THE DATA Block Start

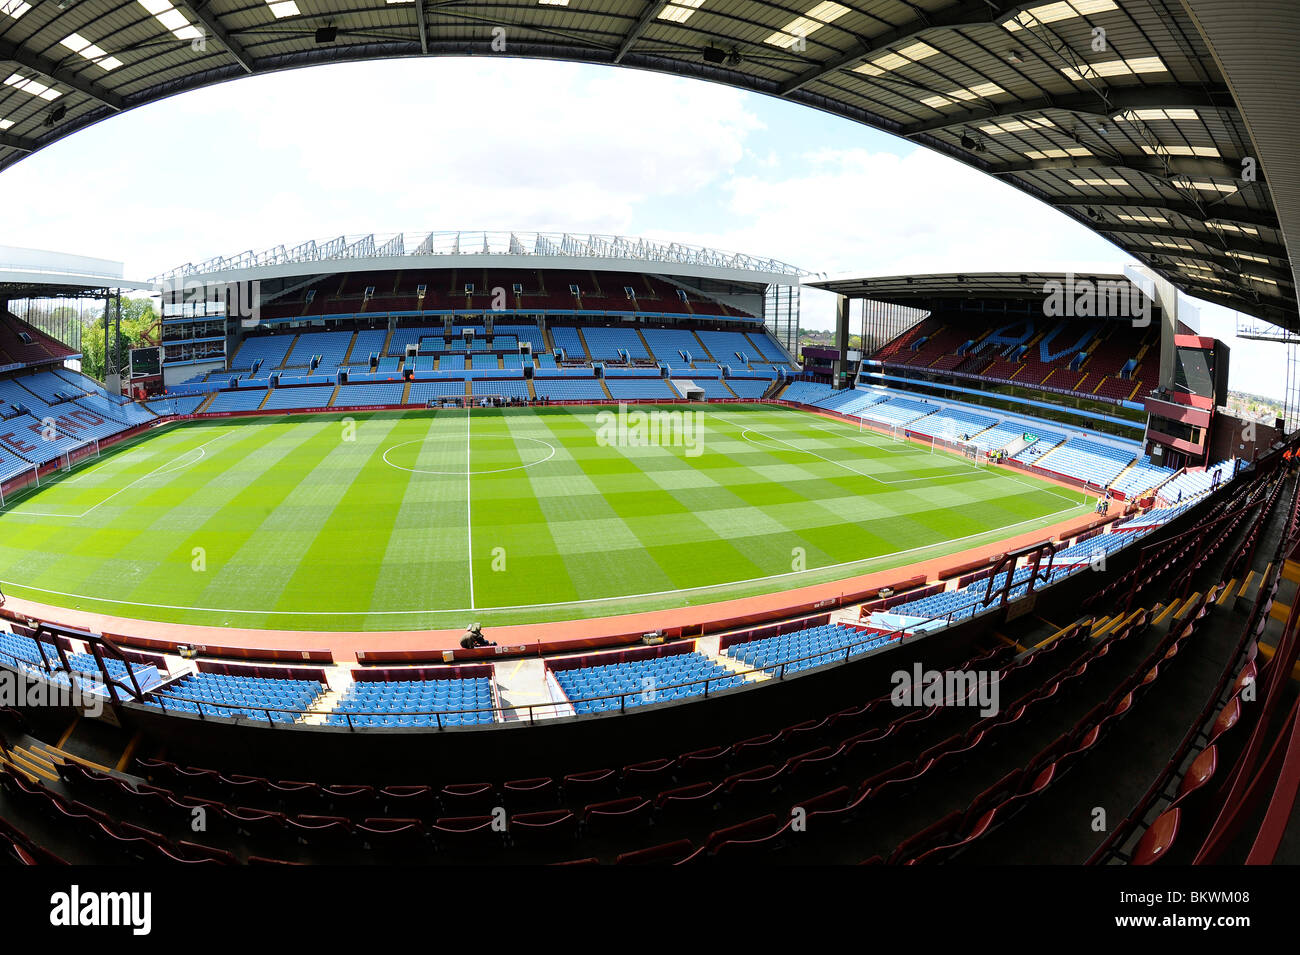 Blick Ins Innere Der Villa Park Stadion Birmingham Haus Von Aston Villa Football Club Stockfotografie Alamy
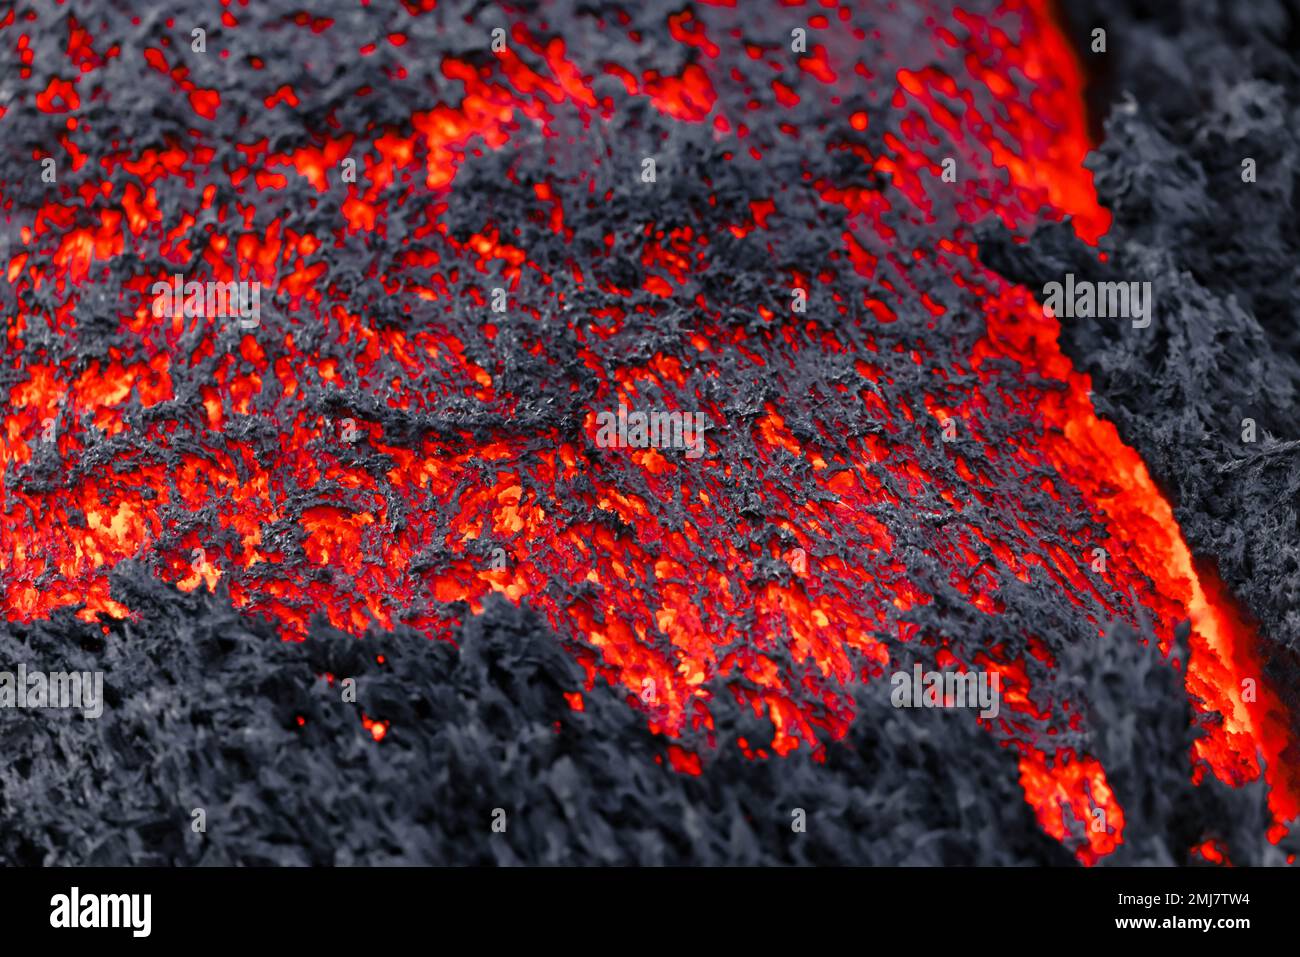 Flujo de lava en una vista de detalle - lava fundida vívida roja Foto de stock
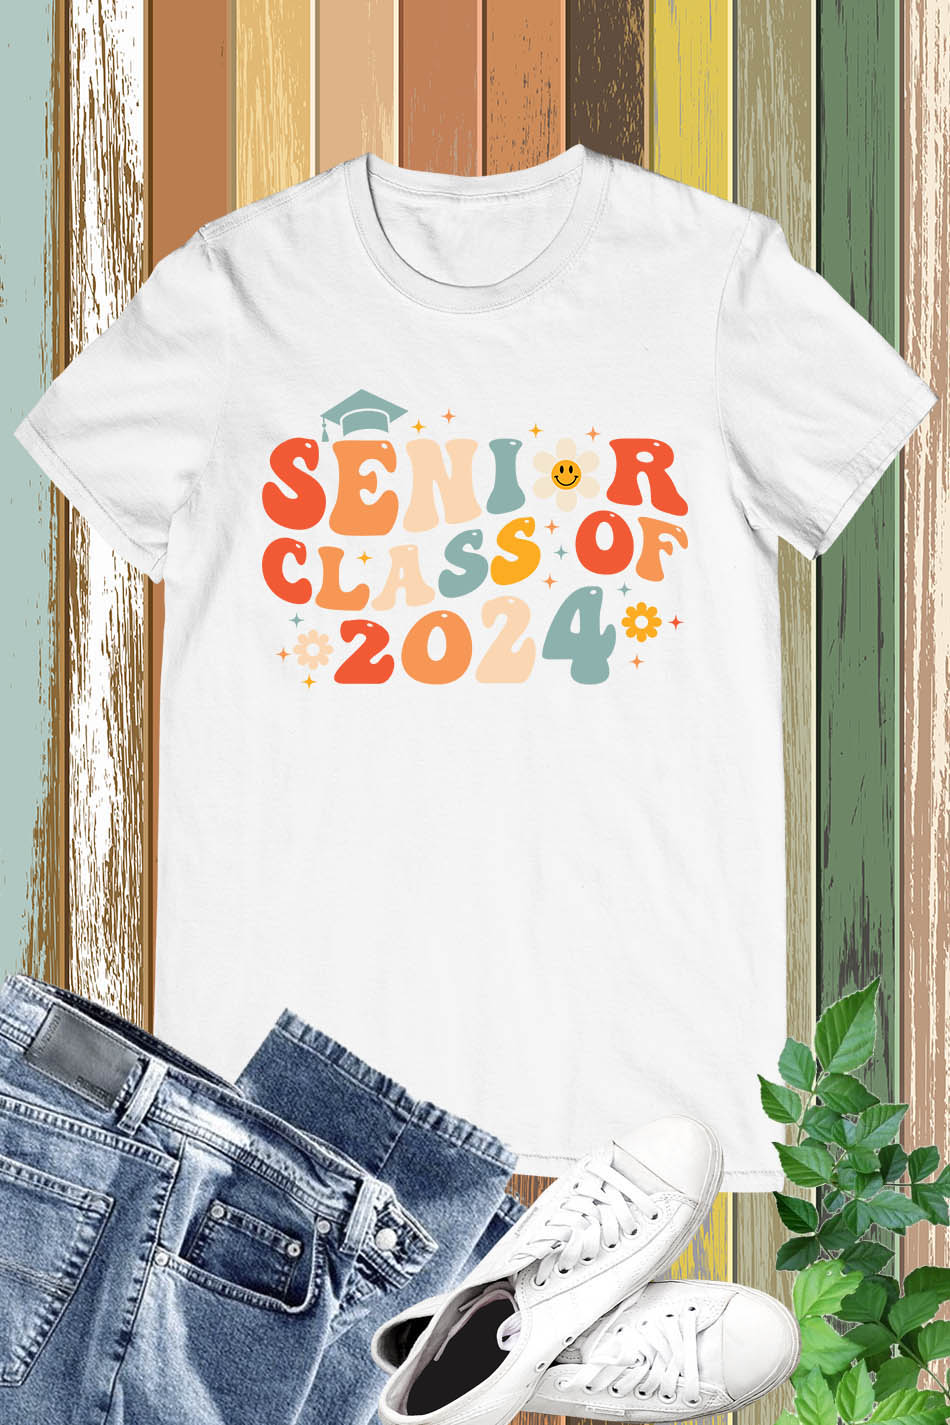 Senior Class of 2024 Graduation Shirt

THE DATA Block End

## WORK TASK
All of the data is to be transcribed exactly, with images omitted.

## EXERCISE OUTPUT
 Blick Ins Innere Der Villa Park Stadion Birmingham Haus Von Aston Villa Football Club Stockfotografie Alamy
 Flujo de lava en una vista de detalle - lava fundida vívida roja Foto de stock
 Senior Class of 2024 Graduation Shirt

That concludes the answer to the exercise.